Post-stratification weights to adjust for the sampling design, oversampling and non-response were available for all countries that applied a sampling approach in round 4 except for Lithuania, and they were used in all analyses to infer the results from the sample to the population. For Lithuania, an unweighted analysis was carried out. All analyses took account of the cluster sample design. In the pooled analysis, an adjusting factor was applied to the post-stratification weights to take into consideration differences in population size of the countries involved. The adjusting factor was calculated based on the number of children belonging to the targeted age group according to Eurostat figures or national official statistics for 2016. Finally, children with a missing value for any of the covariates were excluded from the regression analysis.

All statistical analyses were performed using the statistical software package Stata version 15.1, except the multilevel regression analysis, for which the statistical package SAS version 9.2 was used.

Results

In total 100,583 children were eligible for this study out of the 156,181 invited to participate in COSI round 4 in 22 European countries. Turkmenistan had the highest child participation rate (96.7%) and Ireland the lowest (56.6%). As expected, the average family participation rate was lower (78.8%) than the average child participation rate (85.1%), and was highest in Italy and Turkmenistan (around 95%) and lowest in Denmark (29.9%) (Table 1). As shown in Table 1, the number of children invited to participate varied between countries due to differences in the number of targeted age groups and, to a lesser extent, differences between the school systems through which the children were enrolled. In Italy, the sample size was considerably higher because the country decided to produce estimates at subnational level and not only at national level.

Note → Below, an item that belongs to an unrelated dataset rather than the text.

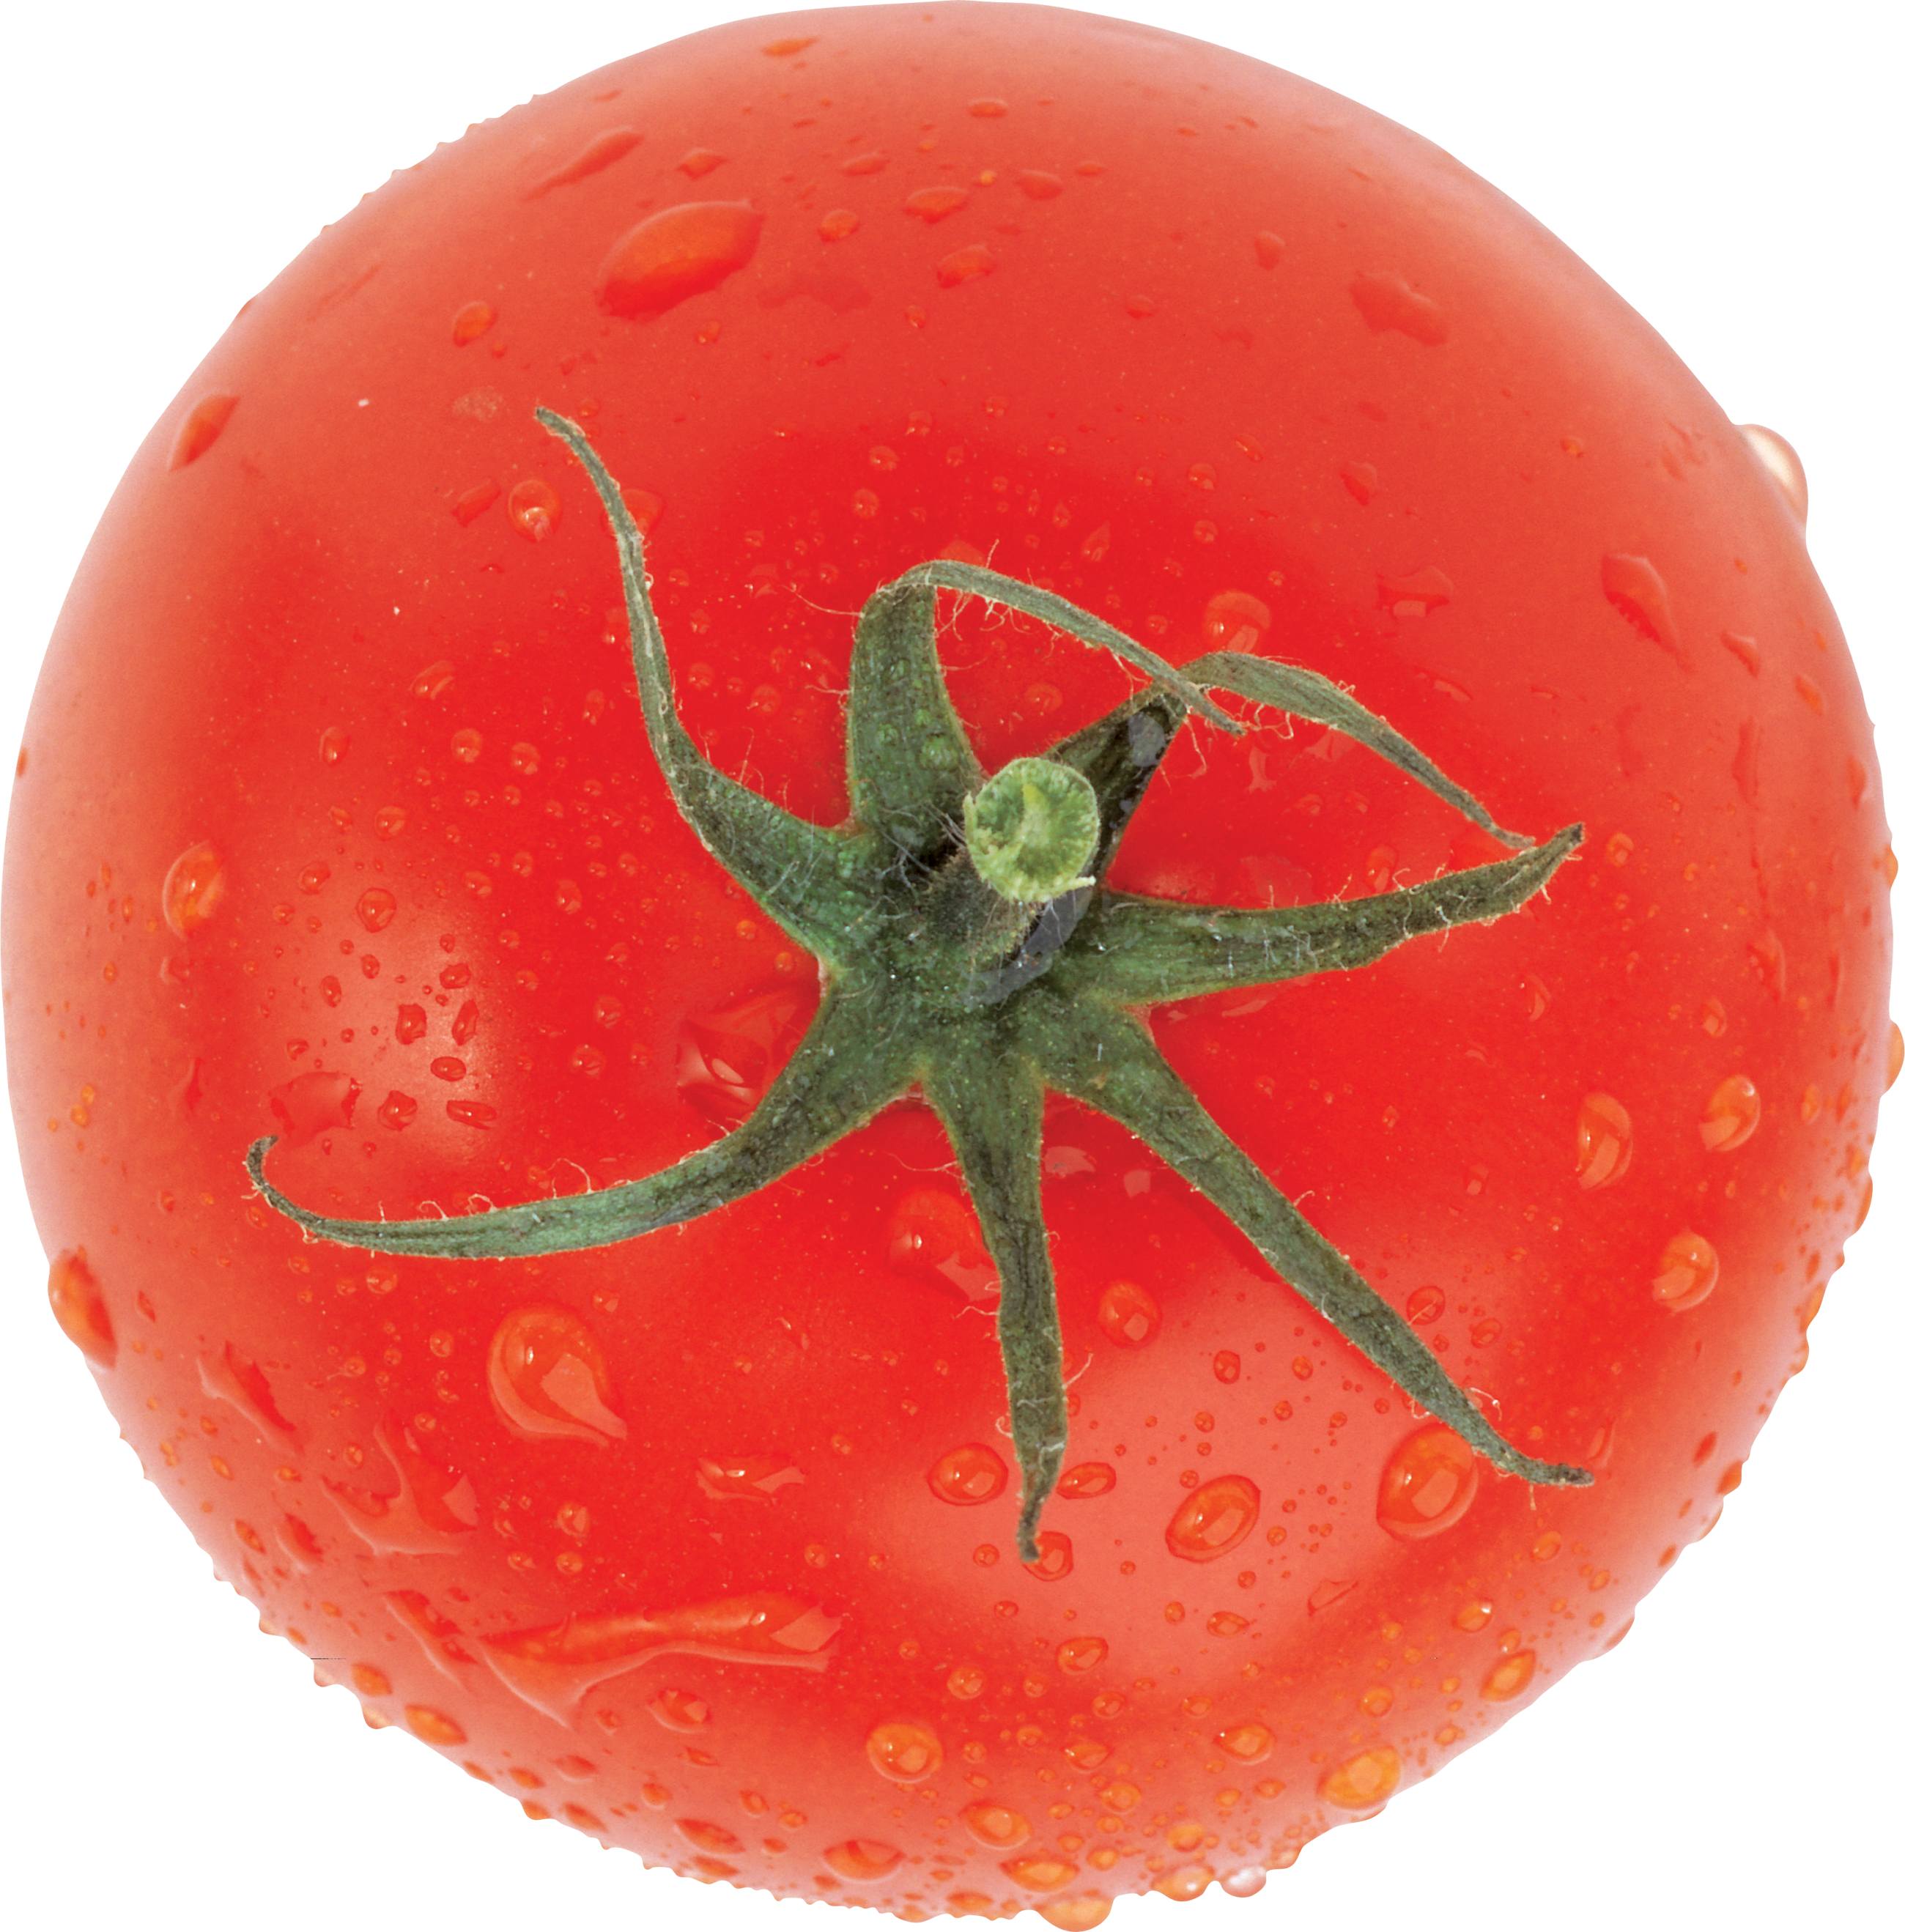 Tomato PNG image transparent

The sample size, the level of participation in the survey, the level of availability of data on breastfeeding practices, the percentage of family record forms filled in by the mothers and the percentage of children belonging to the 6- to 9-year age groups were factors that influenced the final number of children included in the analysis.

Table 1.

Child participation rates and rates of completed family record forms in COSI/WHO Europe round 4 by country

Country a Children invited to participate
Measured 6- to 9-year-old children with the family record form filled in, n Children included in the analysis b, n
total number proportion who participated in measurements ”, % proportion whose family record form was filled in c, %
ALB 7,113 91.8 36.2 2,527 1,624
BUL 4,090 83.7 83.1 3,400 2,945
CRO d 7,220 78.6 76.0 2,651 2,222
CZH NA NA NA 1,406 1,368
DEN 3,202 84.6 29.9 957 805
FRA 7,094 76.8 75.6 5,318 5,183
GEO 4,143 80.7 78.4 3,246 2,876
IRE 2,704 56.6 32.4 874 748
ITA 50,902 90.2 95.2 44,020 37,359
KAZ 6,026 92.7 82.3 4,311 3,490
LVA 8,143 80.4 71.5 3,550 5,206
LTU NA NA NA 5,707 3,150
MAT 4,329 91.8 73.4 3,179 3,064
MNE 4,094 84.1 66.8 2,736 2,084
POL 3,828 89.0 76.9 2,945 2,648
POR 7,475 92.1 85.6 6,391 5,321
ROM 9,094 83.7 73.6 6,610 5,156
RUS 3,900 77.7 52.6 2,052 1,854
SMR 329 95.1 93.6 306 257
SPA 14,908 73.1 70.1 10,453 8,349
TJK 3,502 94.7 93.5 3,270 1,935
TKM 4,085 96.7 95.3 3,891 2,939
Total 156,181 85.1 78.8 119,800 100,583
a

Figures refer to primary school children from: Albania (ALB); Bulgaria (BUL); Croatia (CRO); Czechia (CZH); Denmark (DEN); France (FRA); Georgia (GEO); Ireland (IRE); Italy (ITA); Kazakhstan (KAZ); Latvia (LVA); Lithuania (LTU); Malta (MAT); Montenegro (MNE); Poland (POL); Portugal (POR); Romania (ROM); Moscow city (RUS); San Marino (SMR); Spain (SPA); Tajikistan (TJK); and Turkmenistan (TKM).

b

All children with complete information on sex, whose age was between 6 and 9 years, whose weight and height were measured, whose BMI/A z-scores were within the normal range (>-5 to <+5), whose mothers had filled in the family record form and with complete information about breastfeeding practice.

c

Total figures were calculated including only countries with available information about the number of children invited to participate in the surveillance.

d

For Croatia, only data on 8-year-olds were available for comparison at the European level. Children ' s and families ' participation in the survey was calculated for the whole sample (not only 8-year-olds).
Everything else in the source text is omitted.